In the third part of the SmartOS Series (check the first two parts: Intro and Virtualisation) we are going to deep dive into the SmartOS Storage: ZFS.
ZFS is a combination of file system and logical volume manager originally introduced in Solaris 10. ZFS includes many features that are key for a Cloud OS such as SmartOS:
- Data integrity. ZFS is designed with a focus on data integrity, with particular emphasis on preventing silent data corruption. Data integrity in ZFS is achieved using a checksum or a hash throughout the whole file system tree. Checksums are stored in the pointer to the block rather than in the block itself. The checksum of the block pointer is stored in its pointer, and so on all the way up to the root node. When a block is accessed, its checksum is calculated and compared to the one stored in the pointer to the block. If the checksums match, the data is passed to the process requesting it; if the checksums do not match, ZFS will retrieve one of the redundant copy and try to heal the damaged block.
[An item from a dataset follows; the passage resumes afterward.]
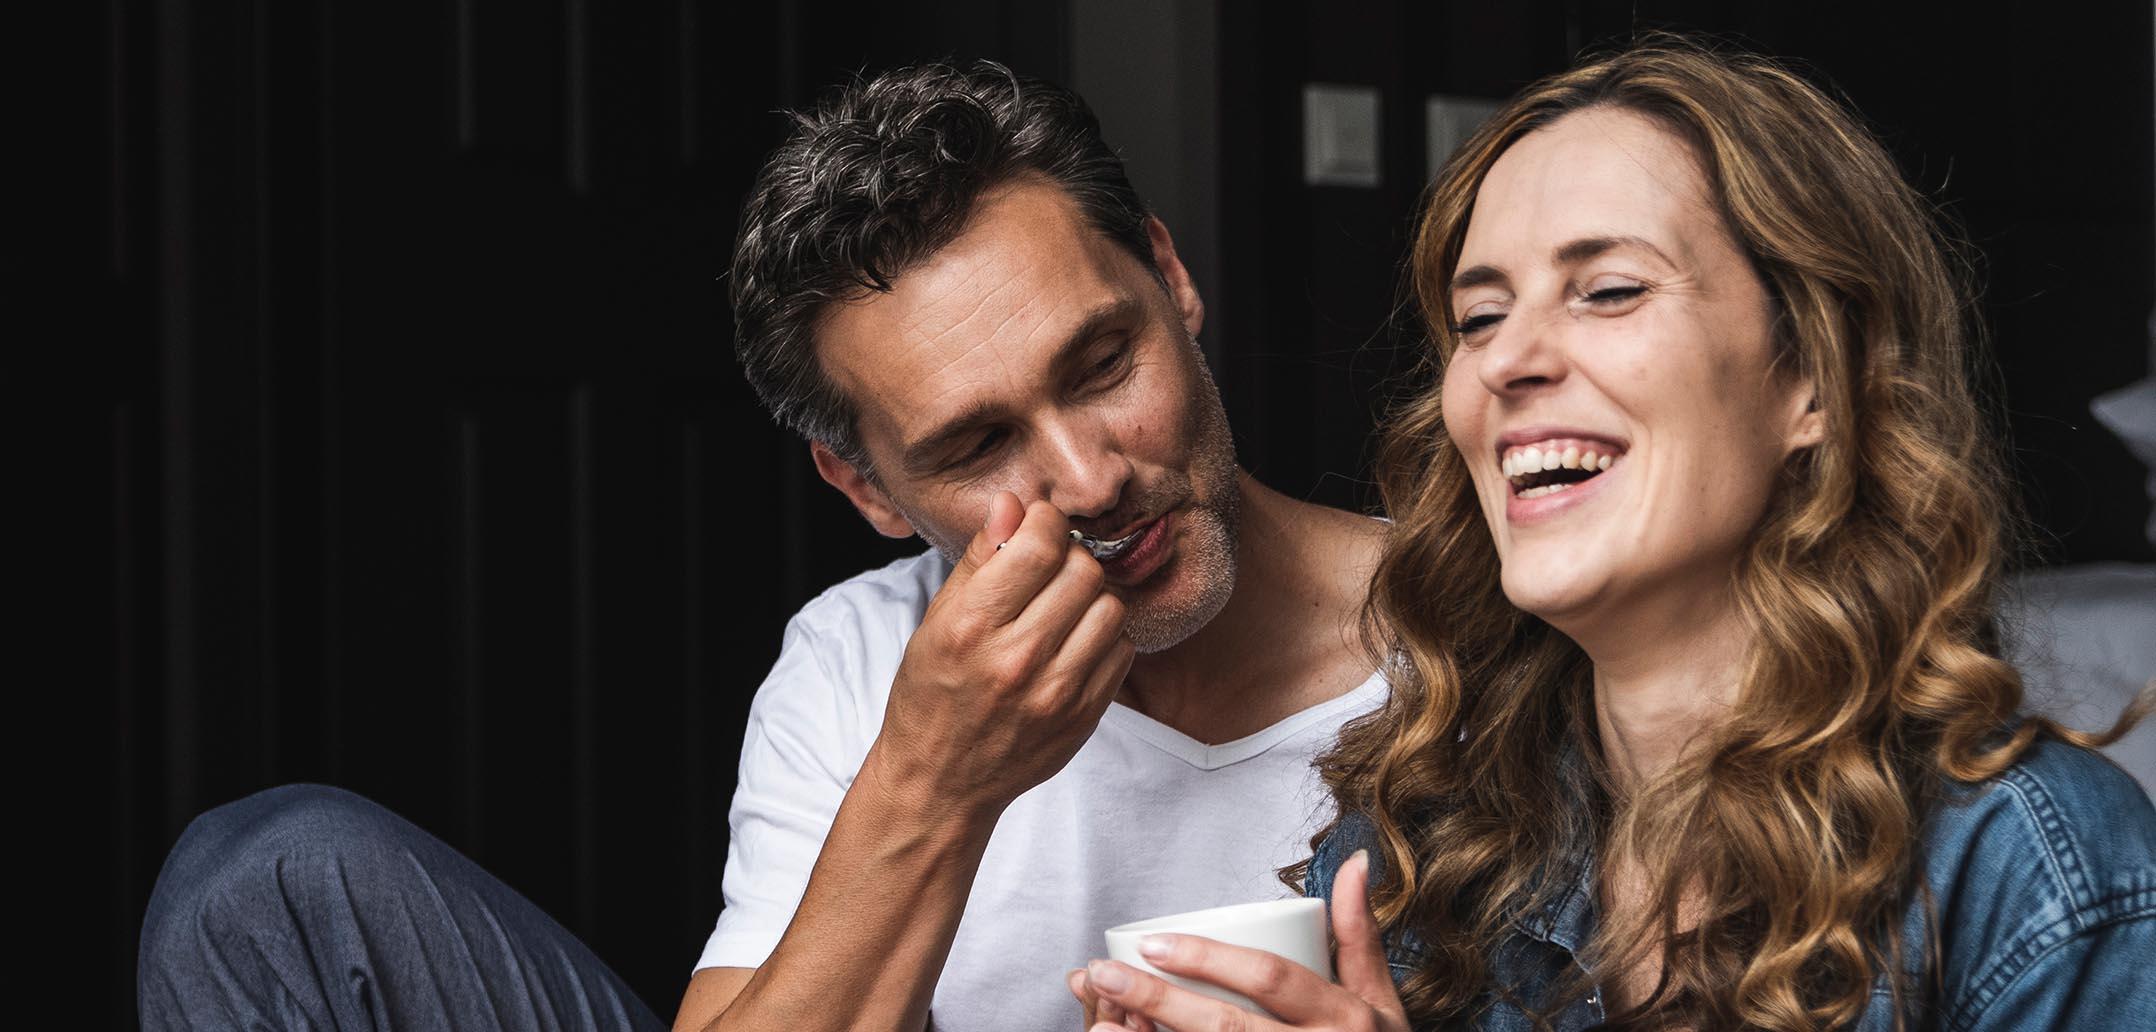 Kommunikation in einer Beziehung

- Snapshots. ZFS uses a copy-on-write transactional model that, when new data is written, the block containing the old data is retained, making it possible to create a snapshot of a file system. Snapshots are both quick to create and space efficient, since data is already stored and unmodified blocks are shared with the file system. ZFS allows for snapshots to be moved between pools, either on the same host or on a remote host. The ZFS send command creates a stream representation either of the entire snapshot or just of the blocks that have been modified, providing an efficient and fast way to backup snapshots.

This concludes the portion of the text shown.